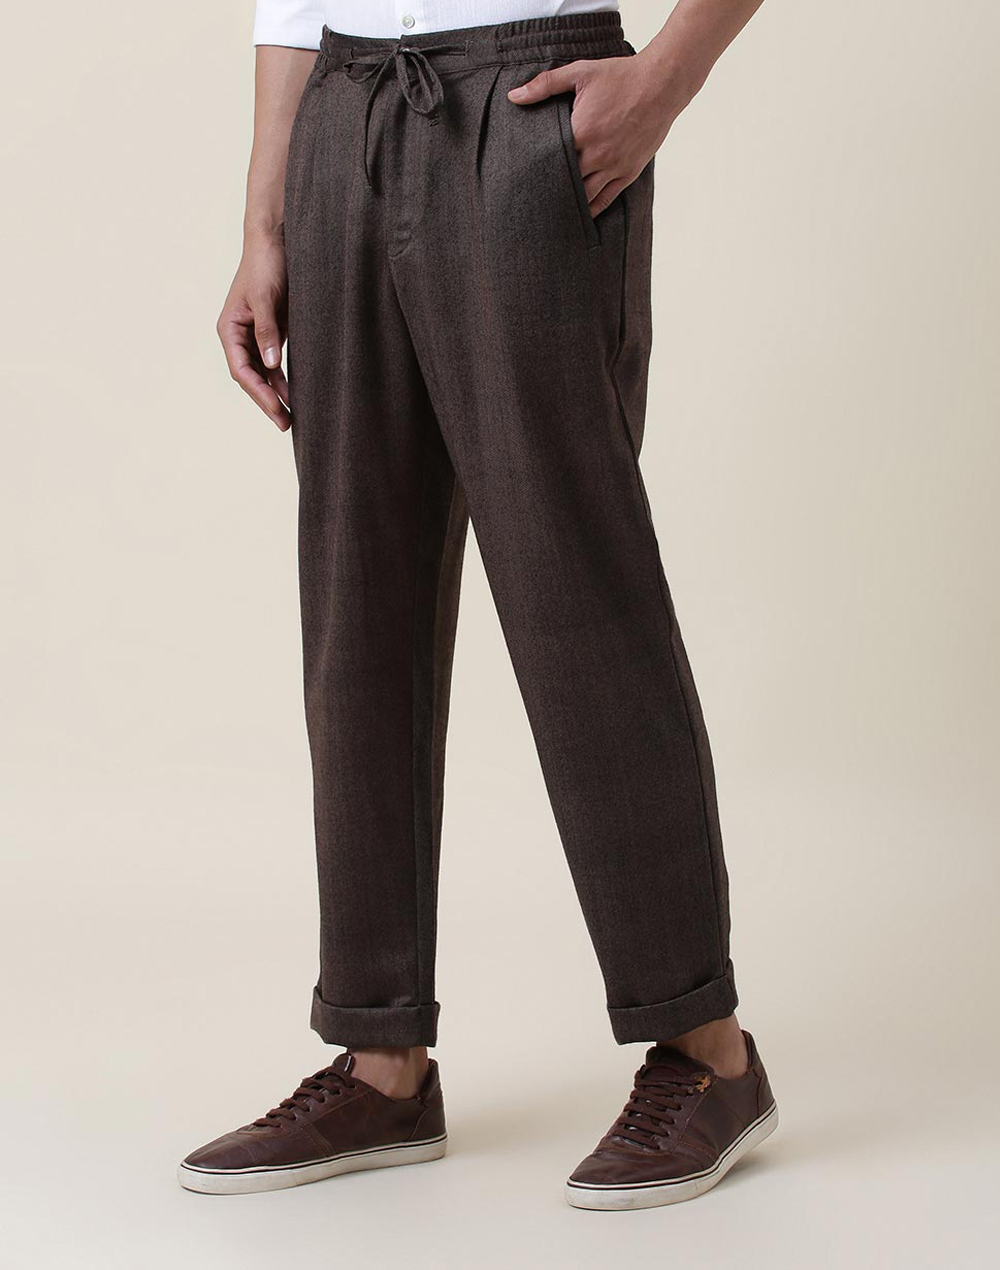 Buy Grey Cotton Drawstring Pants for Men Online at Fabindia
————————
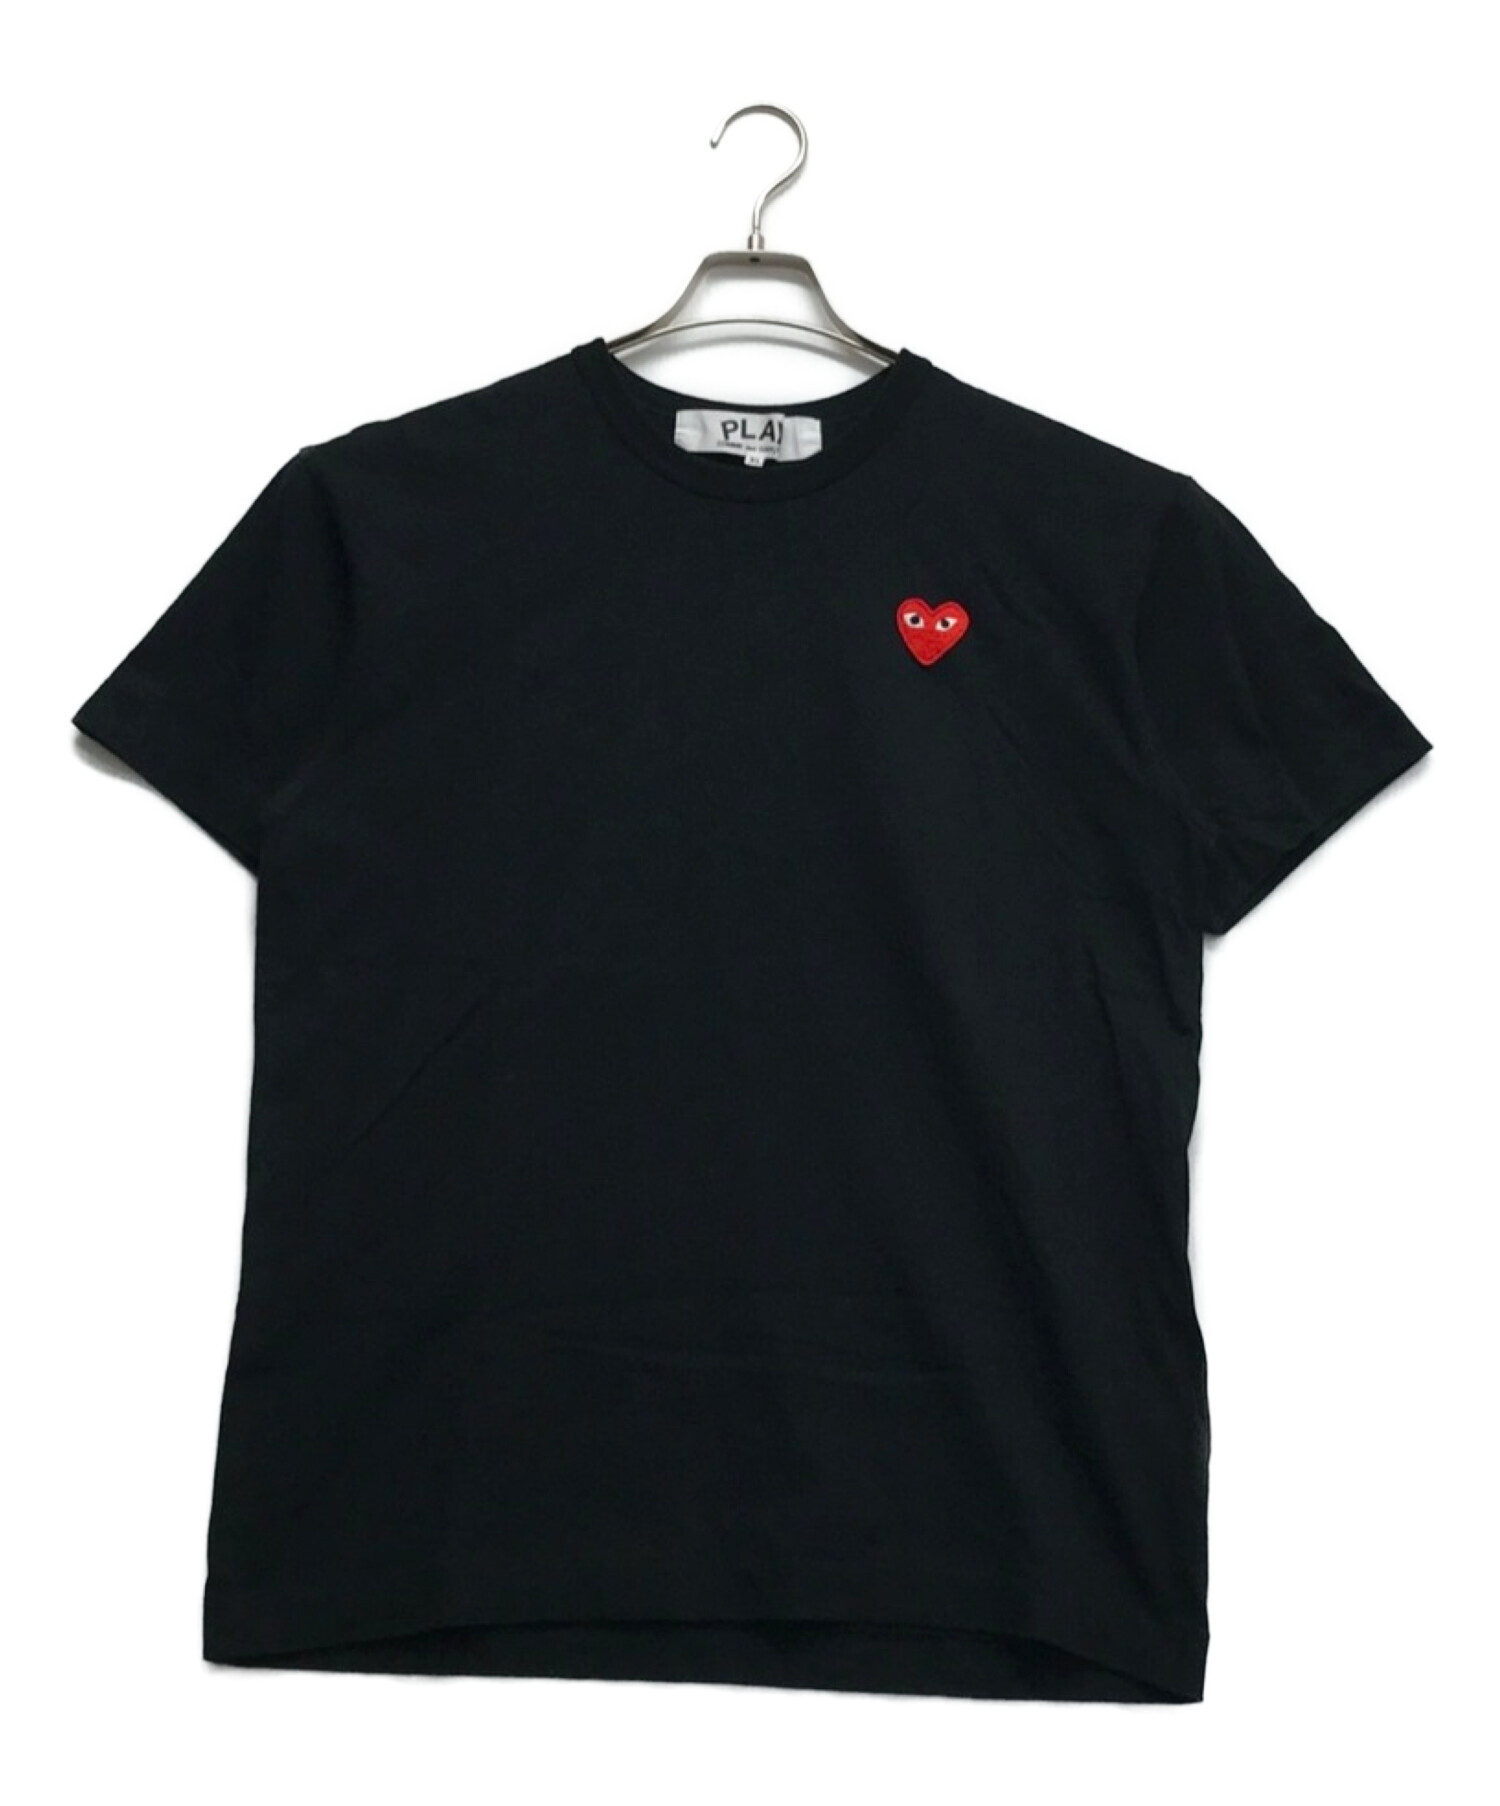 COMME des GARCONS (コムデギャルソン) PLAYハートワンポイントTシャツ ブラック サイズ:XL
————————
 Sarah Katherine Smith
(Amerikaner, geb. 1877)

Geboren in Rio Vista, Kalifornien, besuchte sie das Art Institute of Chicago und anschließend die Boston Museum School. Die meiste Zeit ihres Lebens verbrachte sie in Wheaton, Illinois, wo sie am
————————
**What is being asked**
Everything above from the line with "Sarah Katherine Smith" to the line with "Geboren in Rio", both included, must be repeated exactly, and nothing outside that range.

**Worked solution**
 Sarah Katherine Smith
(Amerikaner, geb. 1877)

Geboren in Rio Vista, Kalifornien, besuchte sie das Art Institute of Chicago und anschließend die Boston Museum School. Die meiste Zeit ihres Lebens verbrachte sie in Wheaton, Illinois, wo sie am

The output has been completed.